I simply loved reading your articles because of their UNBIASED opinions. Somehow, I am not convinced with today's article.....the reasons are listed as follows:

the first article biases against long term investments, something which you preached till yesterday

The chart looks quite true....FMCG being a defensive sector is bound to have lowest but secure returns

Quite obviously, in the phase of recession, US should not be extravagant and spend carelessly, the sole purpose behind T&D is grooming of an employee's mind in the right direction

I wonder if China is gonna stop its policy of pegged exchange rate. However, I admit I am not aware of the HINTS. If possible, kindly mail me the same.

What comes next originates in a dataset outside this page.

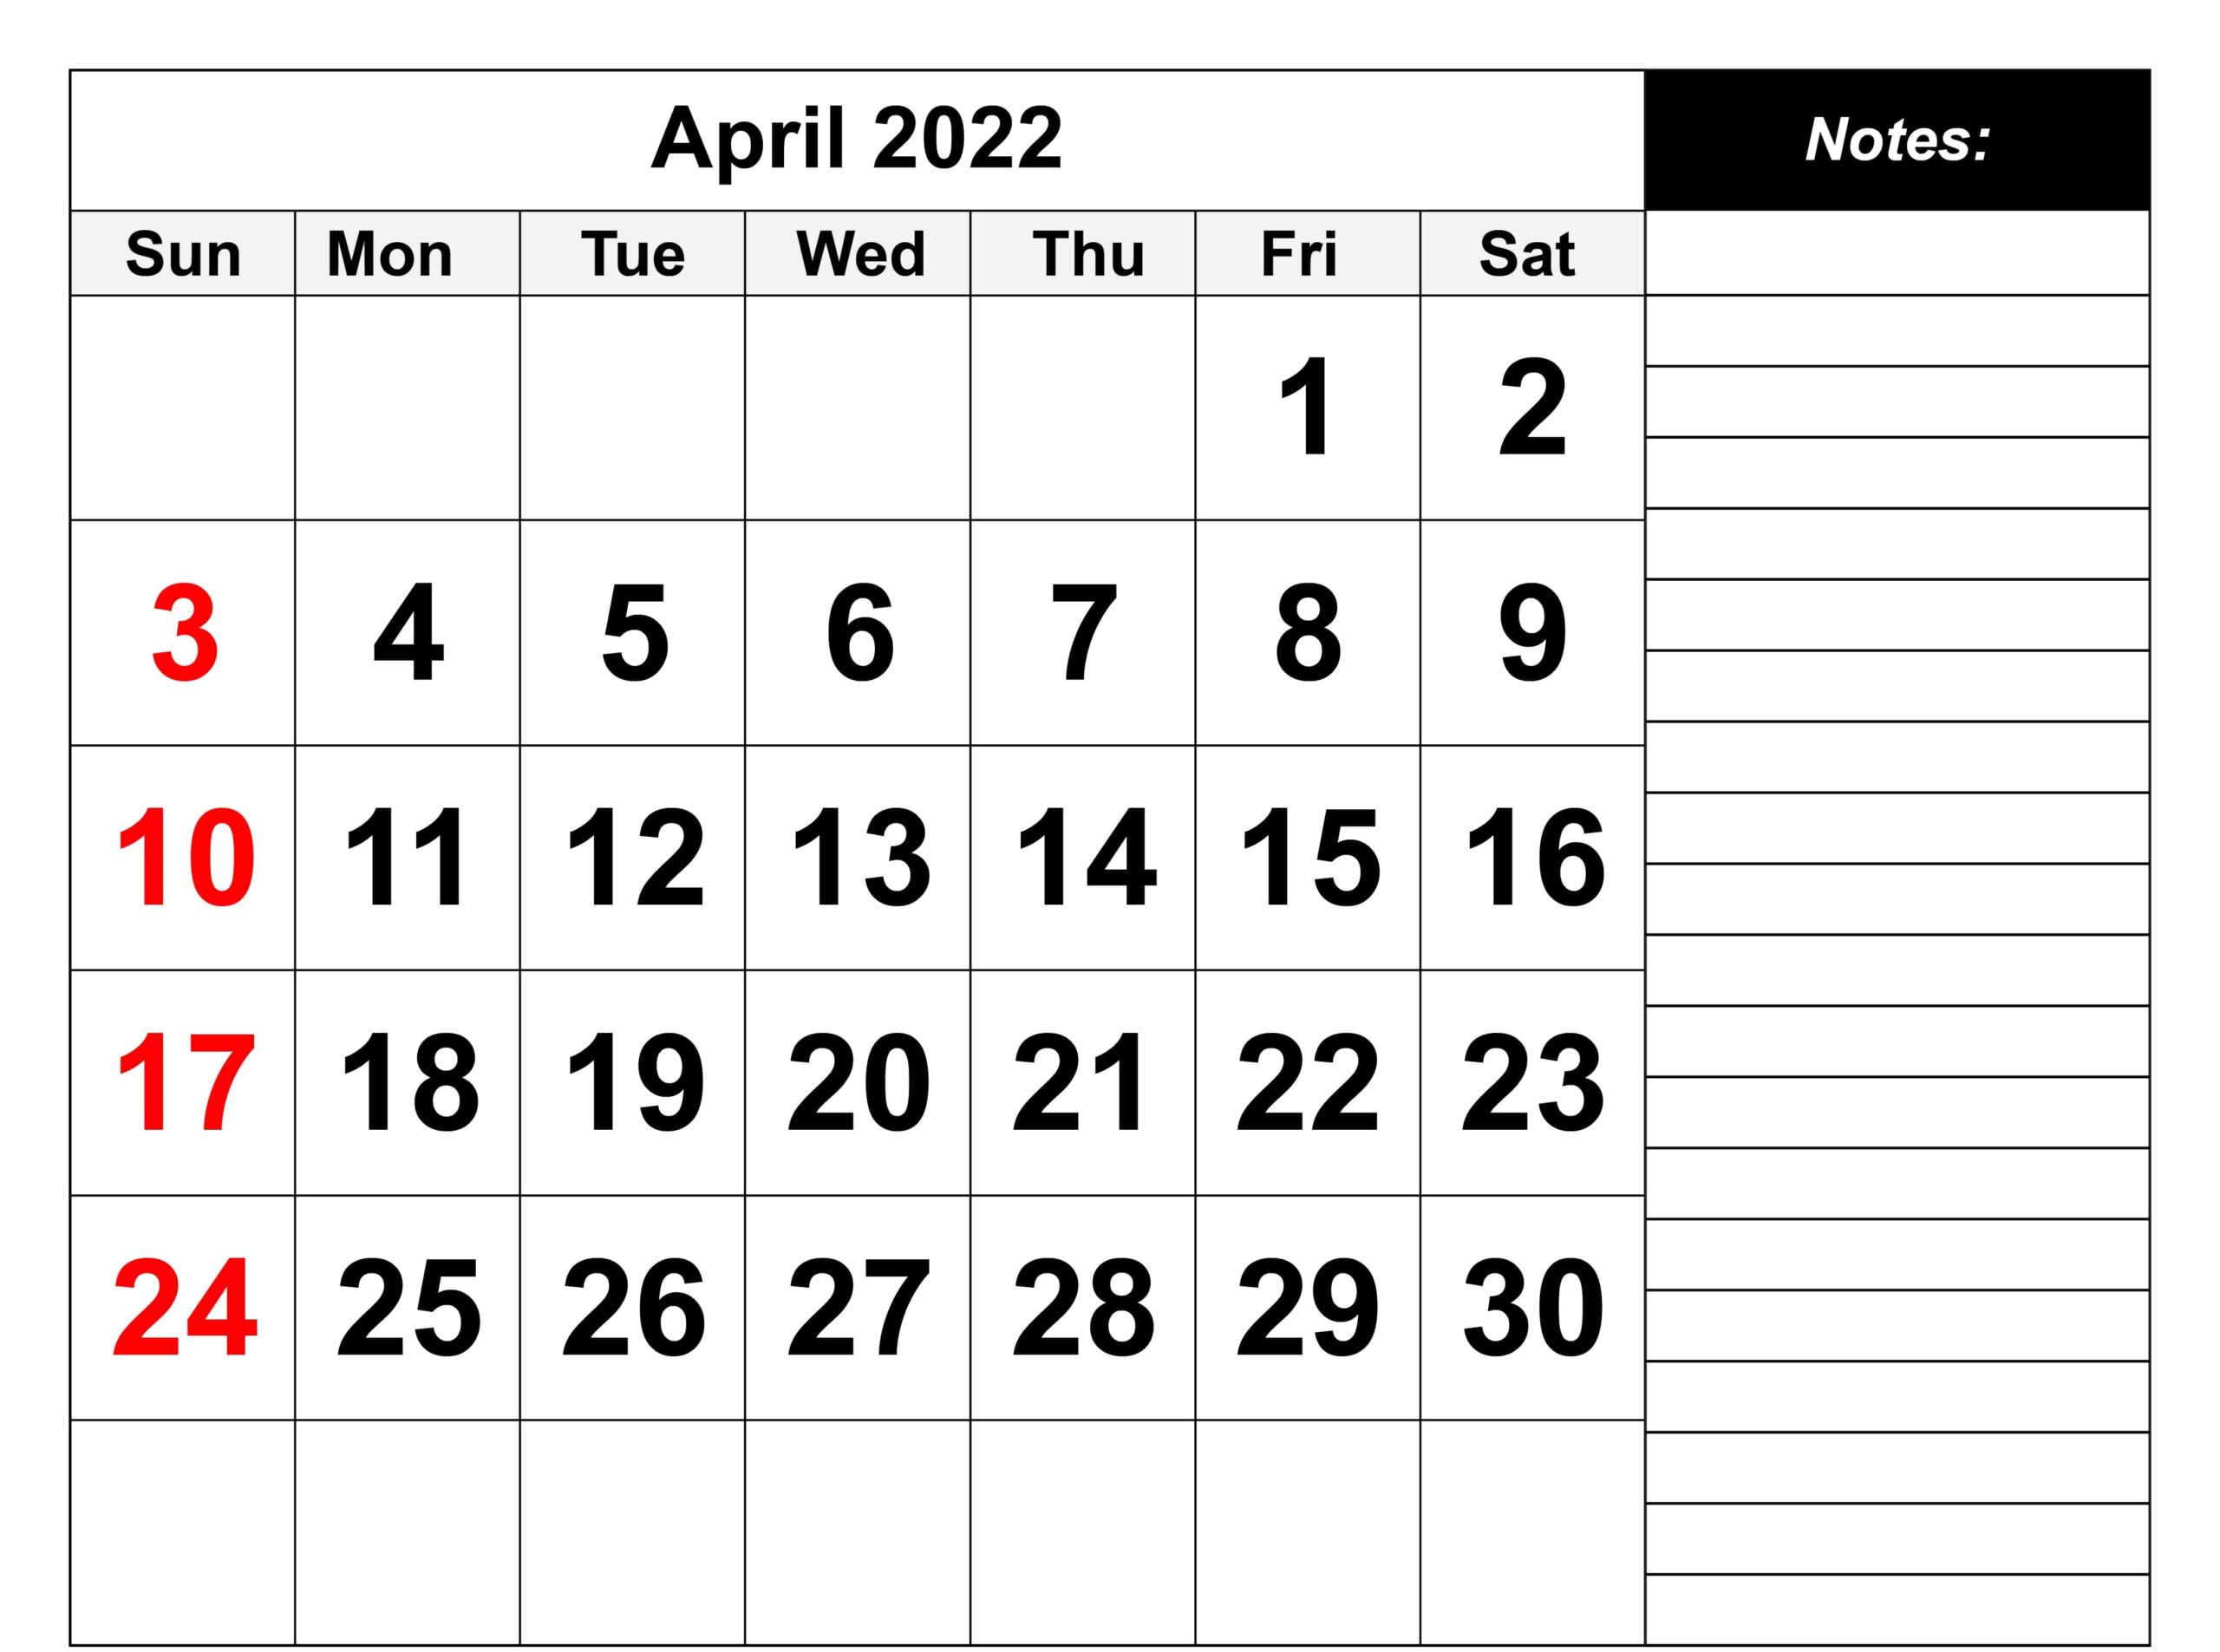 April 2022 Printable Calendar with Notes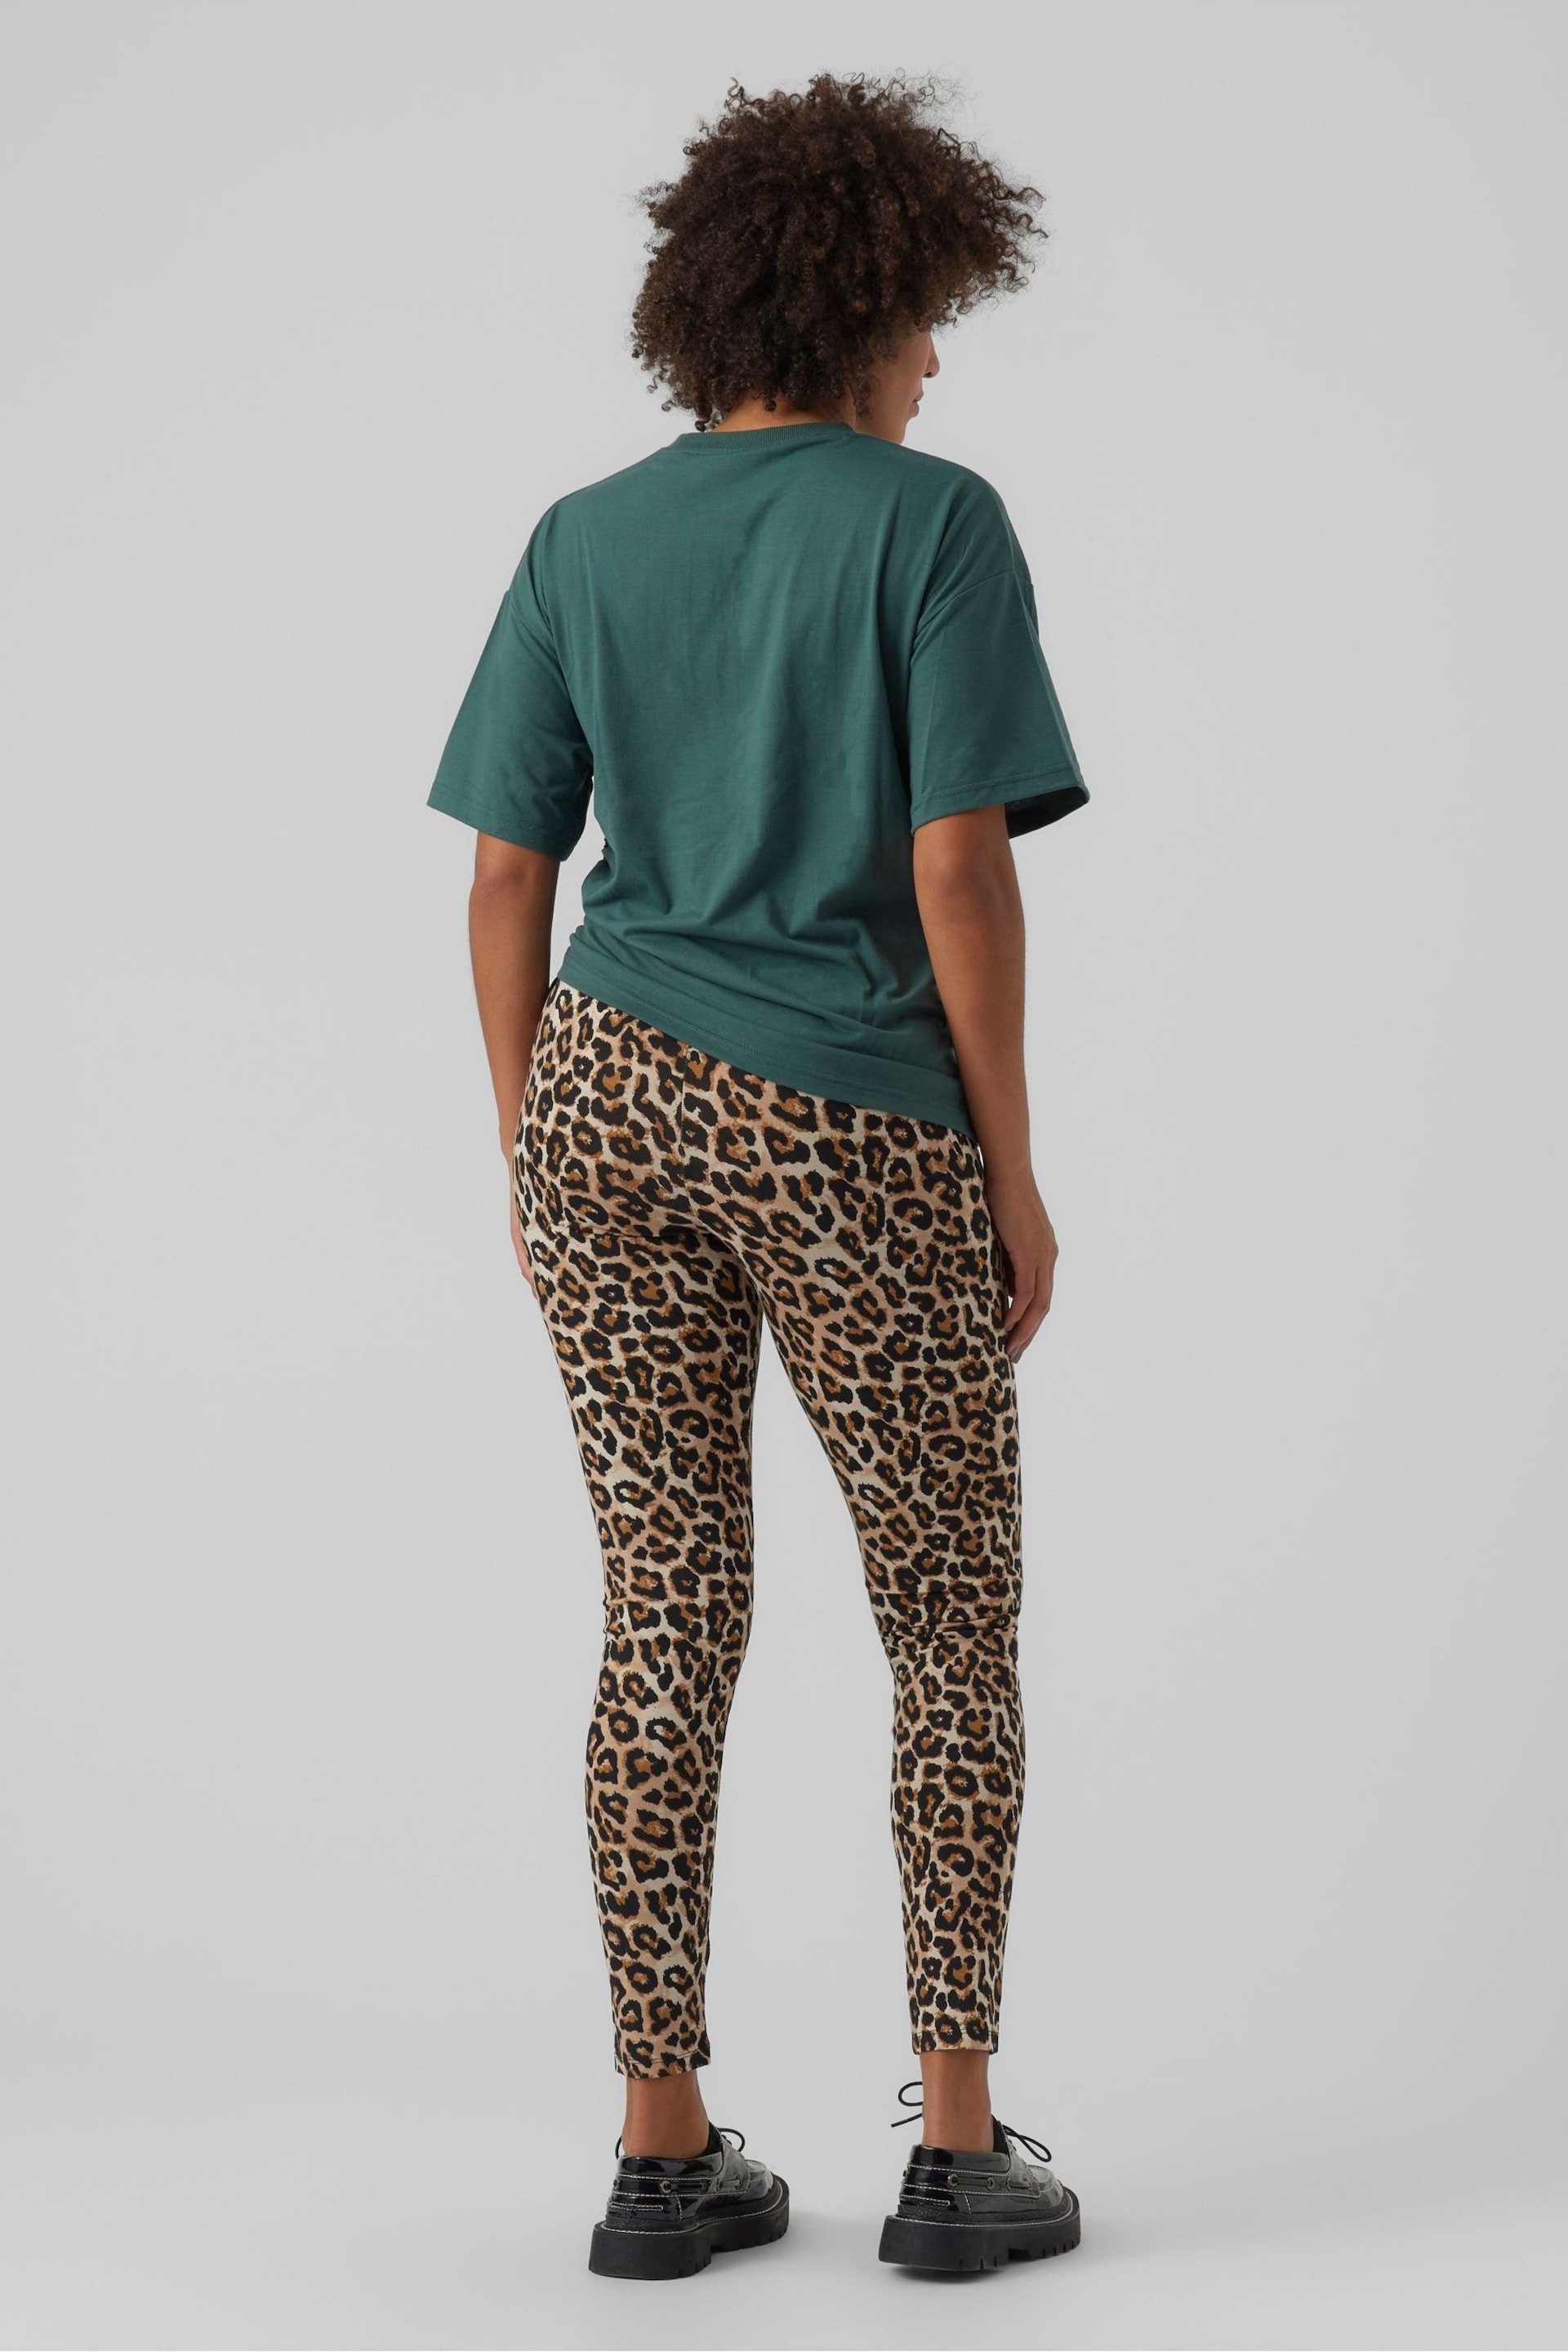 Mamalicious Black & Leopard Print Maternity 2 Pack Leggings - Image 3 of 6

I really appreciate today's mantra


Nitin Patel

Mar 9, 2010

The impact of appreciation of chinese currency is not in export markets of USA. It is the impact of higher prices of chinese imports in in the domestic market in USA.


sushant katiyar

Mar 9, 2010

The FIIs appear to be back in business. As per reports, they purchased Indian stocks worth US$ 1.35 bn in the last one week itself. What is more, this is the highest in five months and the best in any week after a Union Budget since 2001. The fiscal consolidation plans outlined by the government wherein it plans to bring down the fiscal deficit from 6.9% of GDP in FY10 to 4.1% by FY13 seem to have boosted FII sentiment. Prolonged weakness in the developed world which is still ailing from recession has also increased the attractiveness of India and thereby its stockmarkets.



Mar 9, 2010

It is quite evident that FIIs are splurging again. They have their own valid reasons for it. But the retail investor here should always bear it in mind that it is very unwise to 'chase and buy' when the market is rising. Timing is of essence both when buying and selling shares.
The good news from the RBI Governor that inflationary trend is expected to moderate and that the RBI will not shy away from using its monetary tools if and when necessary should bring cheer to the common man.